Memorable Moments
When we look back on the "good times", it's individual moments we remember. Make the "moments" you share with your family come to life.
- Angela
Reasons for NOT having a Child
Angela Brown
Ron is from a very domineering family and had quite an unhappy childhood, unhappy enough that even though he married, he doesn't (and never did) want any children of his own. Not a problem except his wife, my friend Evelyn (not her real name) is obsessed with trying to get pregnant.
She explained to me over drinks the other day, that Ron is never home, doesn't spend any time with her and this (having children) will bring him back to her and strengthen their relationship.
EVELYN WAKE UP!
Reasons for NOT having children include:
Fear of a Failing Relationship. If you fear your relationship with your spouse is falling apart - that is NOT the time to have a child. Instead, take a relationship class together, read self-help books by experts on how to boost your marriage and make it a point to go on a date together once a week. Don't focus on sex, but rather on communication and being close (holding hands, making eye contact when you talk, talking, listening and cuddling. The rest will come naturally.)
Fear You Will Grow Old Alone.
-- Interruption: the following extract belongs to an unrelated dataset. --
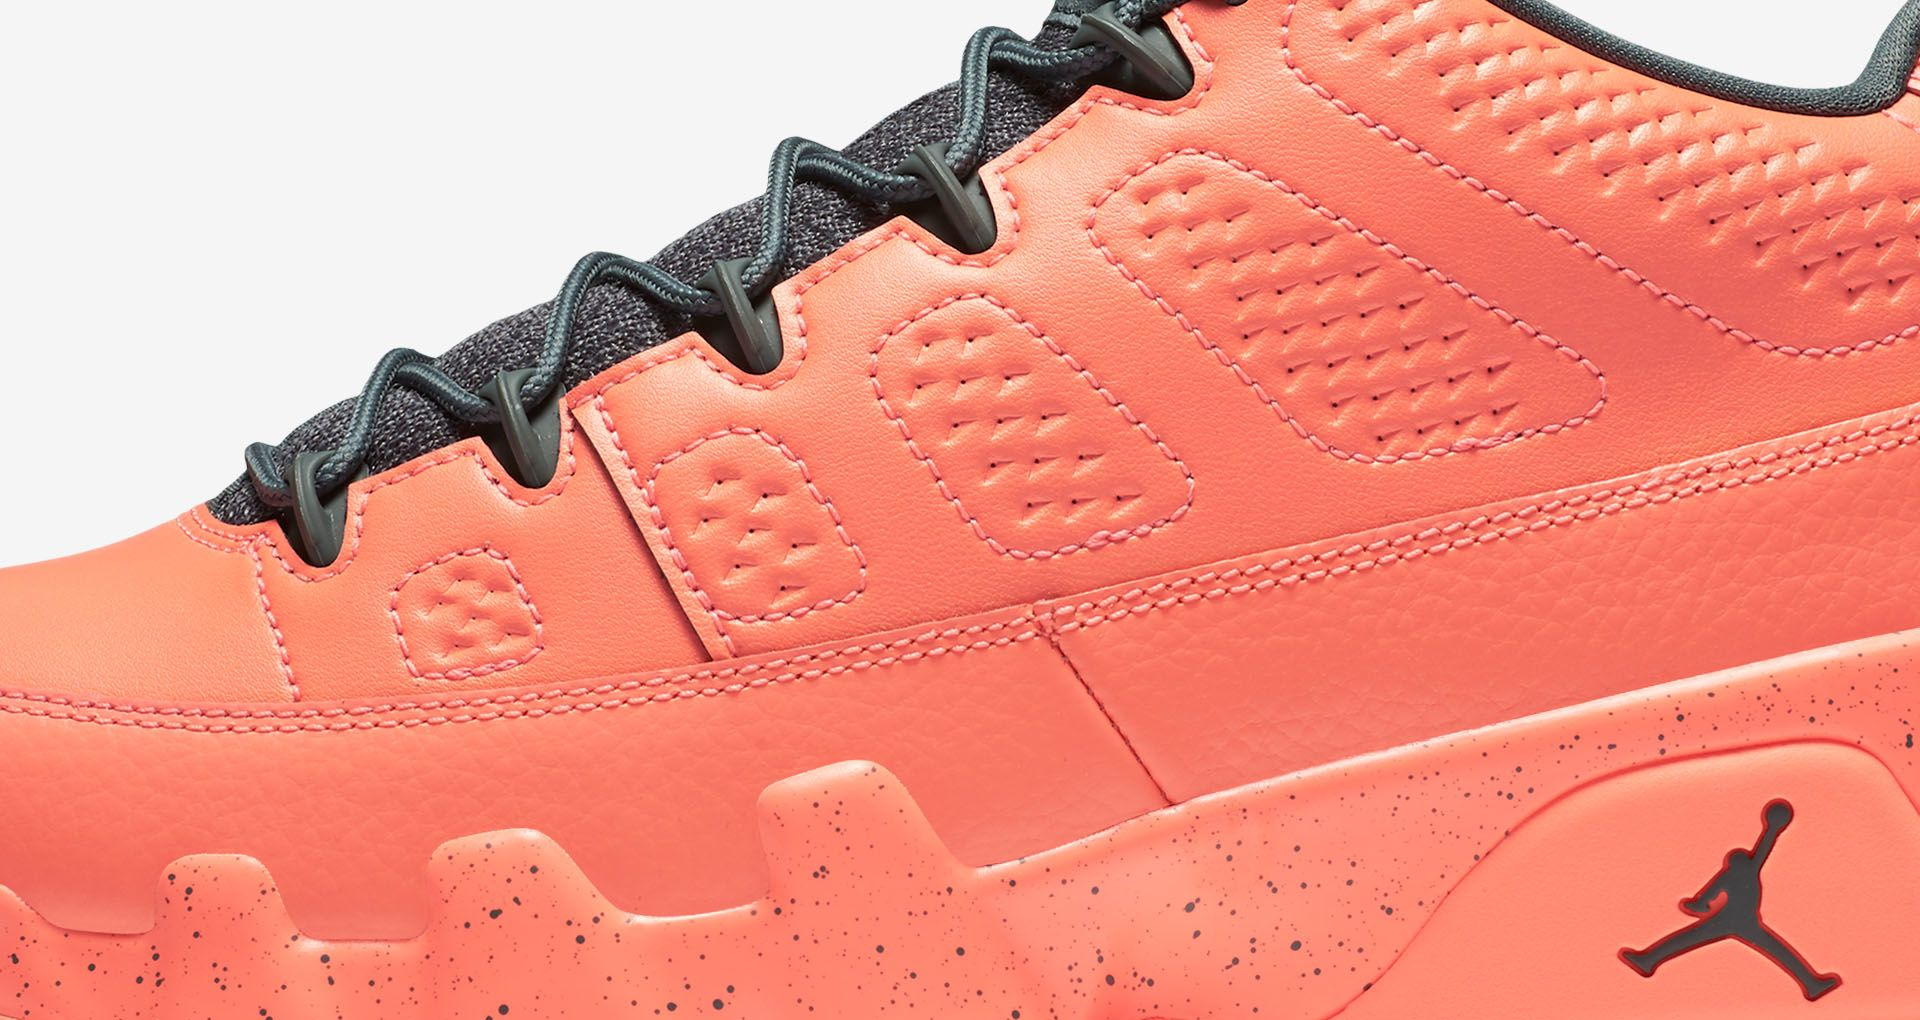 lowest price 594e5 29acf Air Jordan 9 Retro Low  Bright Mango  Release Date

Don't ever have a child just so you'll have someone to take care of you when you are old. Look around and you'll see lots of aging parents who have adult children moving back in with them (often with kids of their own), who deplete emotional and financial resources rather than providing them. Instead focus on building a retirement fund that will provide for your financial needs, and spend your precious energies improving and building relationships with friends and other relatives. (Everyone around you is growing older; all you have to do is get involved in the lives of the people around you for companionship.)
Lack of Love. If you feel you are not loved enough - making a baby to love you back is NOT a sound decision. Instead, focus on creating more love in your life. Do this by loving yourself and accepting yourself more. Focus on accepting and loving your spouse more. Spend time each day in prayer and meditation to improve your spirituality and volunteer at a women’s or children's shelter.
Because Your Friend is Pregnant. Just because four of your neighbors or co-workers are pregnant that is NOT the reason to have children. There will always be kids for your child to play with. Instead, celebrate with your friends who are pregnant and share in their happiness - you don't necessarily have to have something because someone else does.
Romantic Fantasy. If you are one of the millions of girls who grew up thinking that one day you would grow up, marry, have children and live happily ever after - welcome to reality. Being a parent is hard work and there is more to it than sweet, smiling, sleeping babies. Instead, volunteer to baby-sit the neighbor kids, your nieces and nephews or your friend’s kids for the weekend while they have some time off. Create a babysitting schedule where you regularly take their kids for a day, a weekend or a several hour stint. Make sure you understand all of the nuisances that accompany parenting before you have one of your own.
Biological Clock is Ticking. Your getting older is NOT a very good reason to have a child. Raising children requires a good deal of energy, money, emotional support, time, and other various resources. Make sure you have enough years ahead of you that will allow you to be active in your children's lives for the next twenty five years. If you are aging and haven't had children of your own, and really want one, consider being a foster parent or adopting. Most states in the US have more children cycling through the social services program, in need of a good family, than they have homes for the kids.
Your Family & Friends Expect You To. Realize that when you are single, all of your married friends will do the match-making thing to pair you up with somebody so you don't have to grow old alone - and when you are married they want you to have a child. When you have one - they want you to have a second, or third. Instead, live life for your own reasons and have kids for your own reasons, not to impress family or friends - they are usually not there to help raise them anyway.
Getting pregnant on a whim is never a good idea. Make sure you understand the reasons why you want to have a child and then engage your spouse in discussion and prayer to make sure it’s right for you.